[Given material — start]

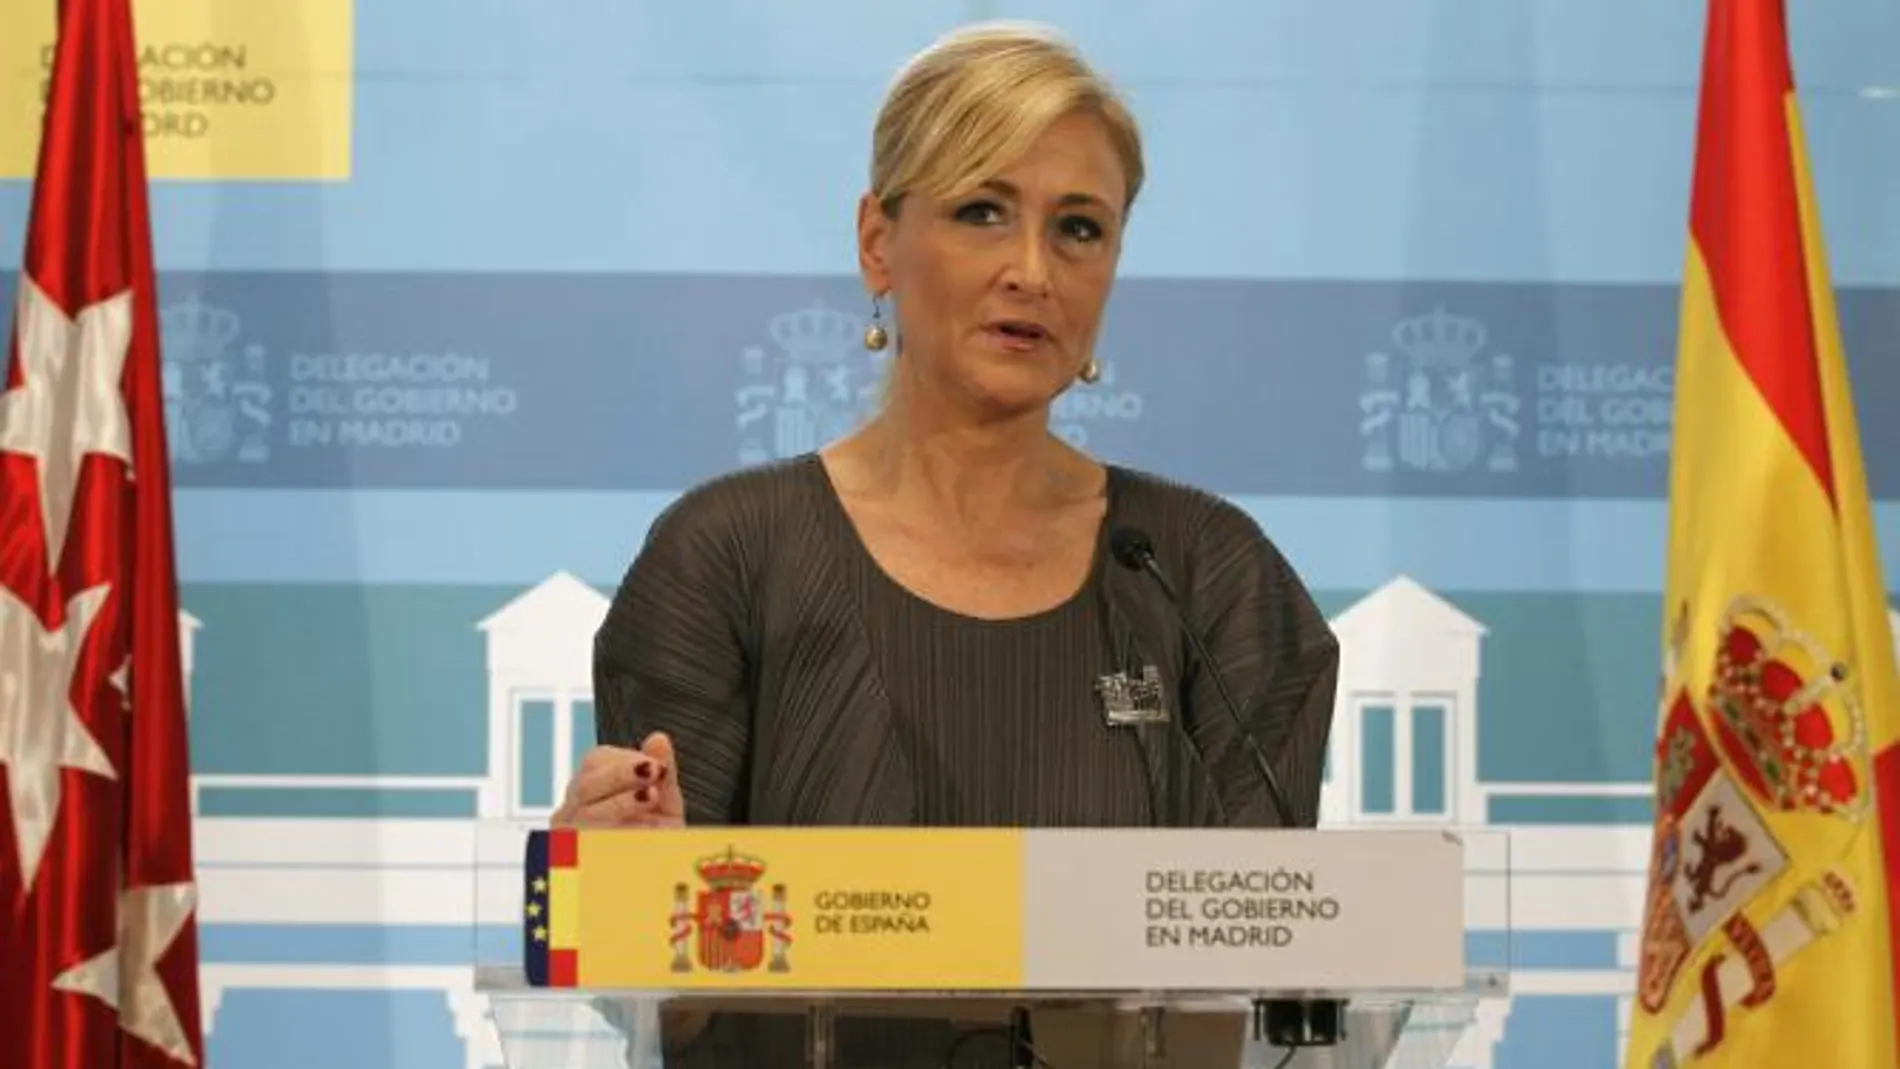 La ex presidenta de la Comunidad de Madrid Cristina Cifuentes
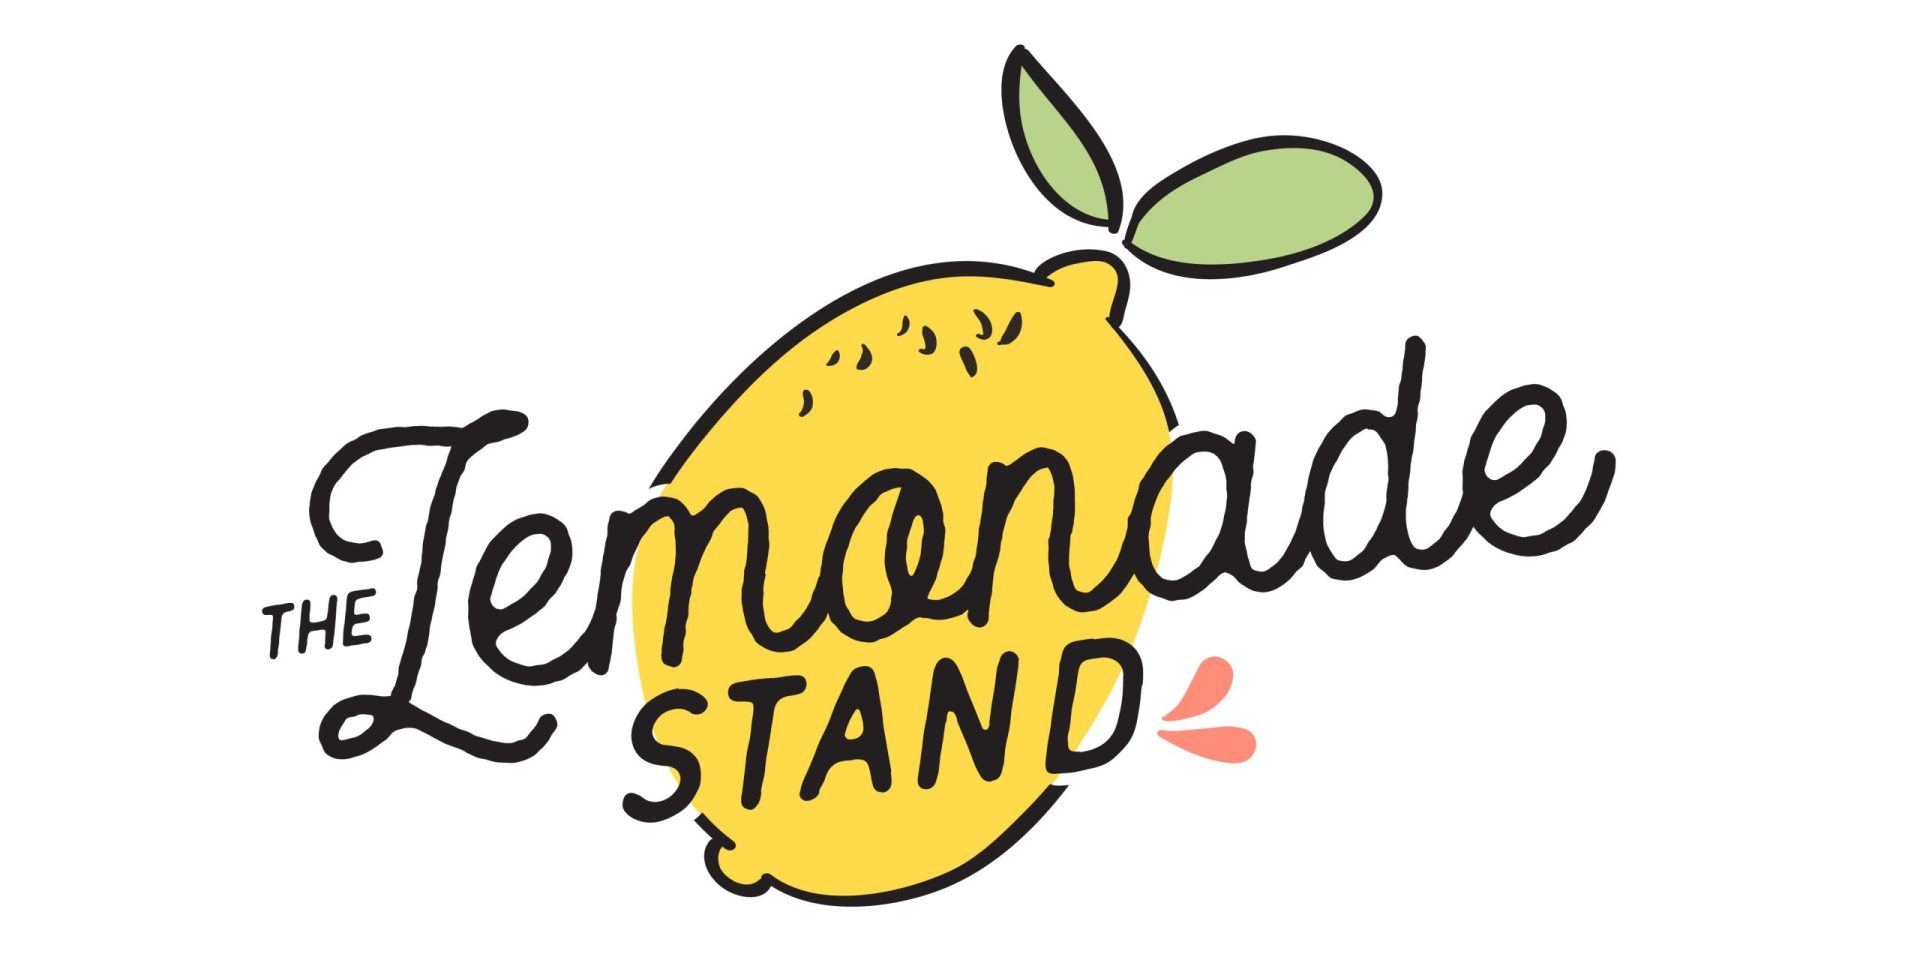 lemonade logo ideas 2
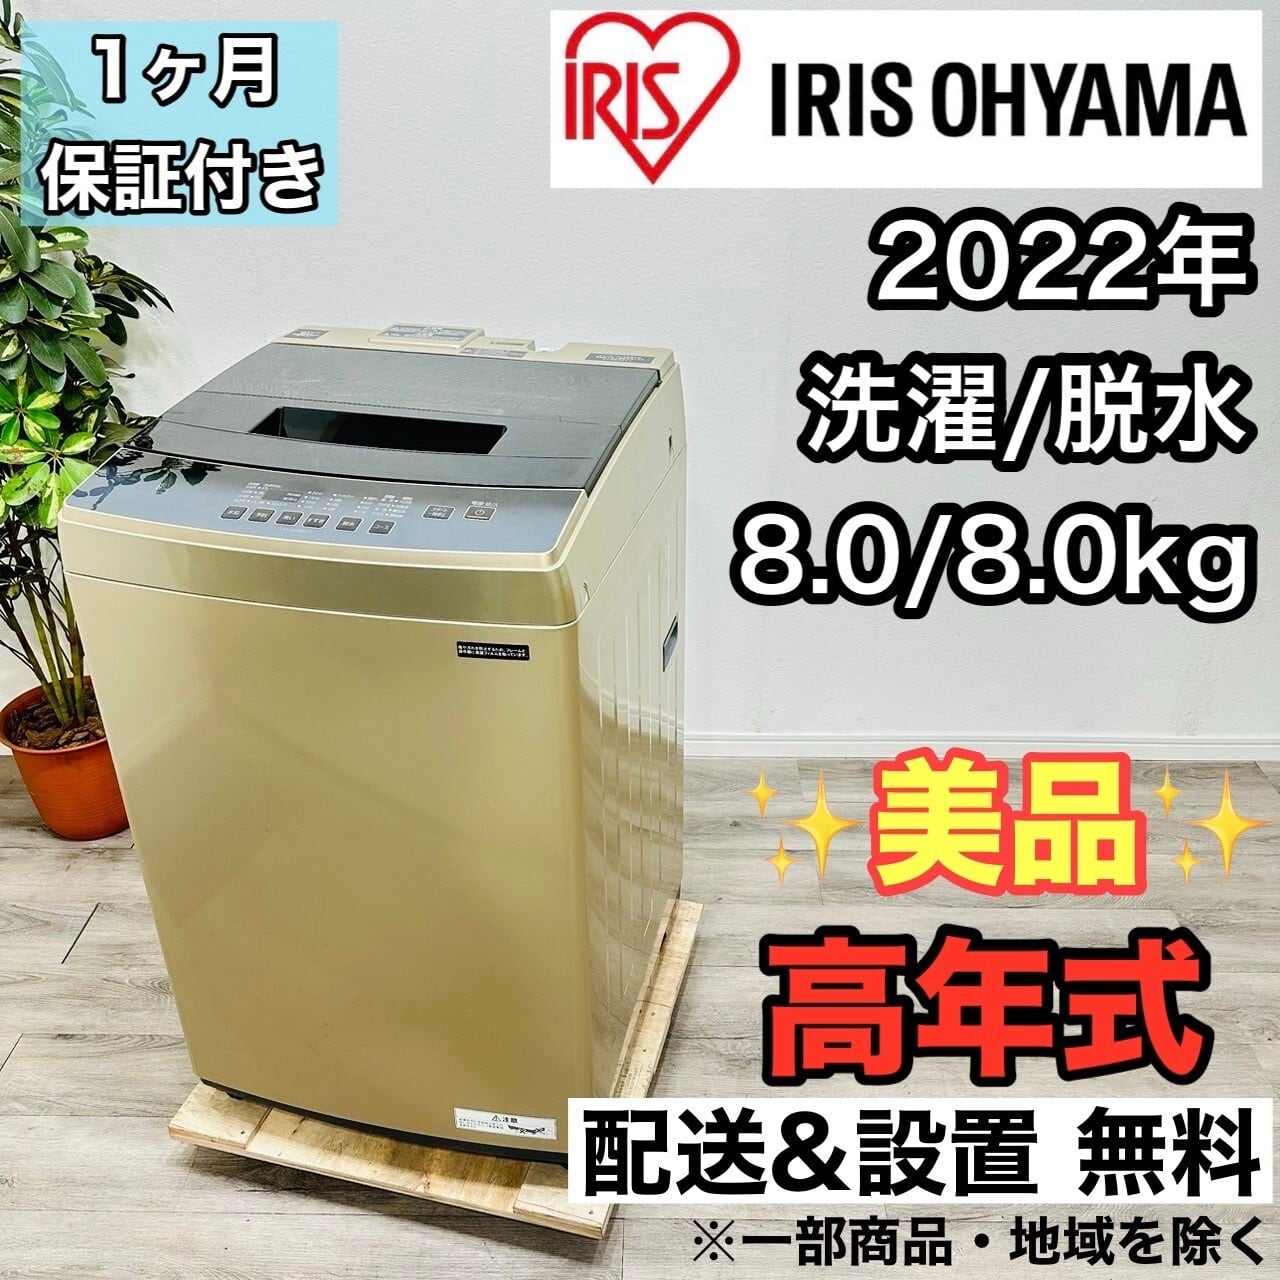 ♦️HITACHI a1934 洗濯機 8.0kg 2018年製 11♦️ | ネットで ...

[Given material — finish]

Task to carry out: Copy out the material word for word, without any images.

Your solution:
 La ex presidenta de la Comunidad de Madrid Cristina Cifuentes
 lemonade logo ideas 2
 ♦️HITACHI a1934 洗濯機 8.0kg 2018年製 11♦️ | ネットで ...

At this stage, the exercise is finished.